The AGile Leader might have a role of Scrum Master, Product Owner, Software Developer, Software Engineer, Software Architect, Solutions Architect, Team Lead, Software Development Manager, Engineering Manager, Software Engineering Manager, Engieering Senior Manager, Agile Project Manager, Project Manager, Software Development Project Manager, IT Manager, Director of Engineering, Director of IT, Chief Technology Officer, Chief Executive Officer, President or Founder.

It doesn’t matter what your title is. It matters what you do with your time and if you take positive initiative.

The Agile Leader does NOT complain about problems, but instead emphethizes with people and solves problems.

The Agile Leader does NOT dictate, but instead collaborates, brainstorms and seeks first to understand before seeking to be understood.

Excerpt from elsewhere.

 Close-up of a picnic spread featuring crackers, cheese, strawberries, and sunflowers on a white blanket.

The Agile Leader does NOT talk negatively about other peoples, but instead tries to understand other peoples perperspectives and reaches out to bridge gaps of mis-understanding with face-to-face converstation.

The Agile Leader embraces the vision provided in the Agile Manifesto and the Principles behind the Agile Manifesto.

Product Owner or PO:

The Product Owner is responsible for maximizing the value of the product and the work of the Development Team. How this is done may vary widely across organizations, Scrum Teams, and individuals.

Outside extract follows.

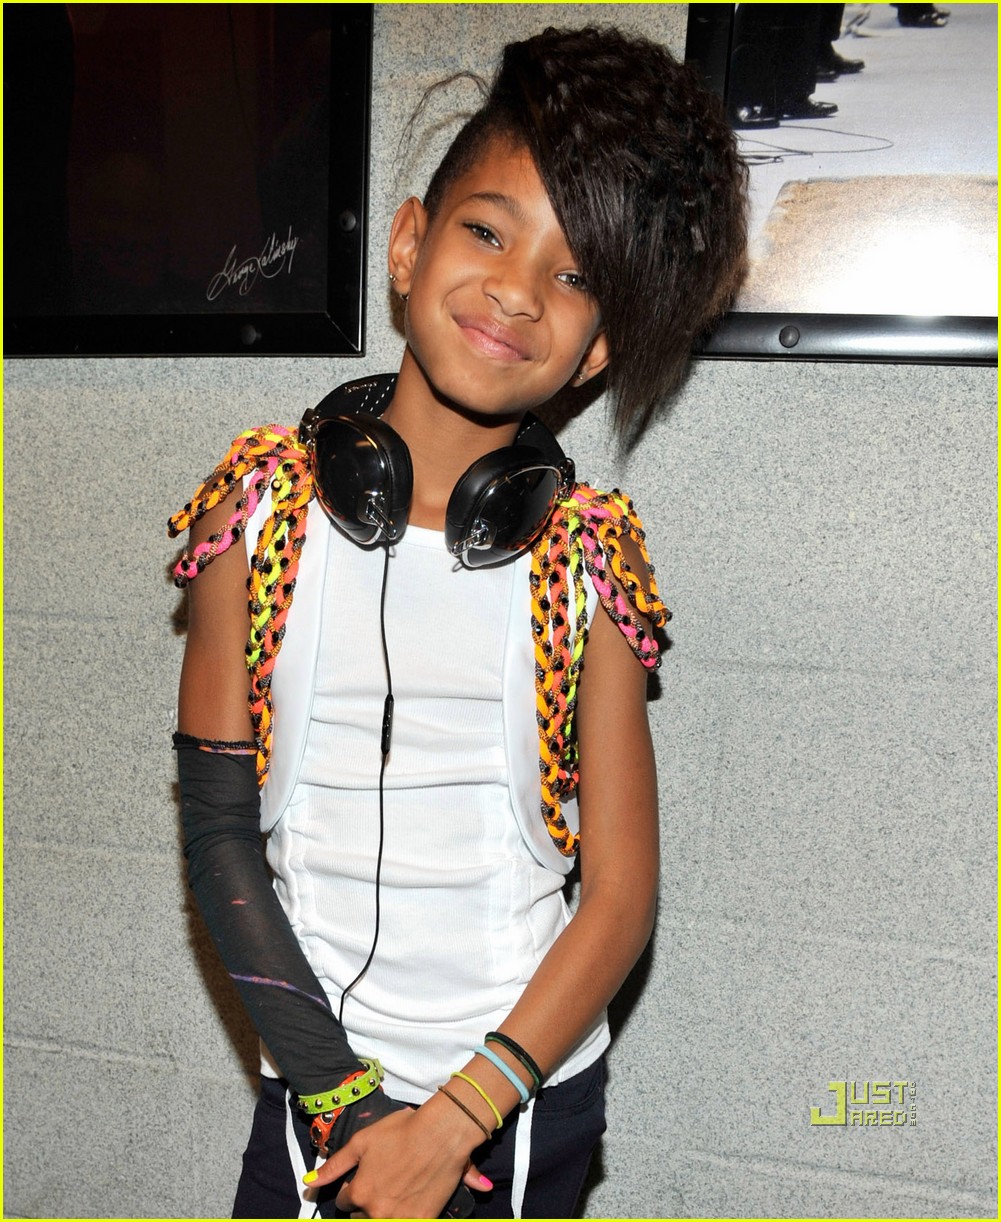 Willow Smith - 'Whip My Hair' Song Leak: Photo 2478251 | Celebrity Babies,  Jada Pinkett Smith, Will Smith, Willow Smith Pictures | Just Jared

The Product Owner is the sole person responsible for managing the Product Backlog. Product Backlog management includes:

  • Clearly expressing Product Backlog items;
  • Ordering the items in the Product Backlog to best achieve goals and missions;
  • Optimizing the value of the work the Development Team performs;
  • Ensuring that the Product Backlog is visible, transparent, and clear to all, and shows what the Scrum Team will work on next; and,
  • Ensuring the Development Team understands items in the Product Backlog to the level needed.

The Product Owner may do the above work, or have the Development Team do it. However, the Product Owner remains accountable.

The Product Owner is one person, not a committee. The Product Owner may represent the desires of a committee in the Product Backlog, but those wanting to change a Product Backlog item’s priority must address the Product Owner.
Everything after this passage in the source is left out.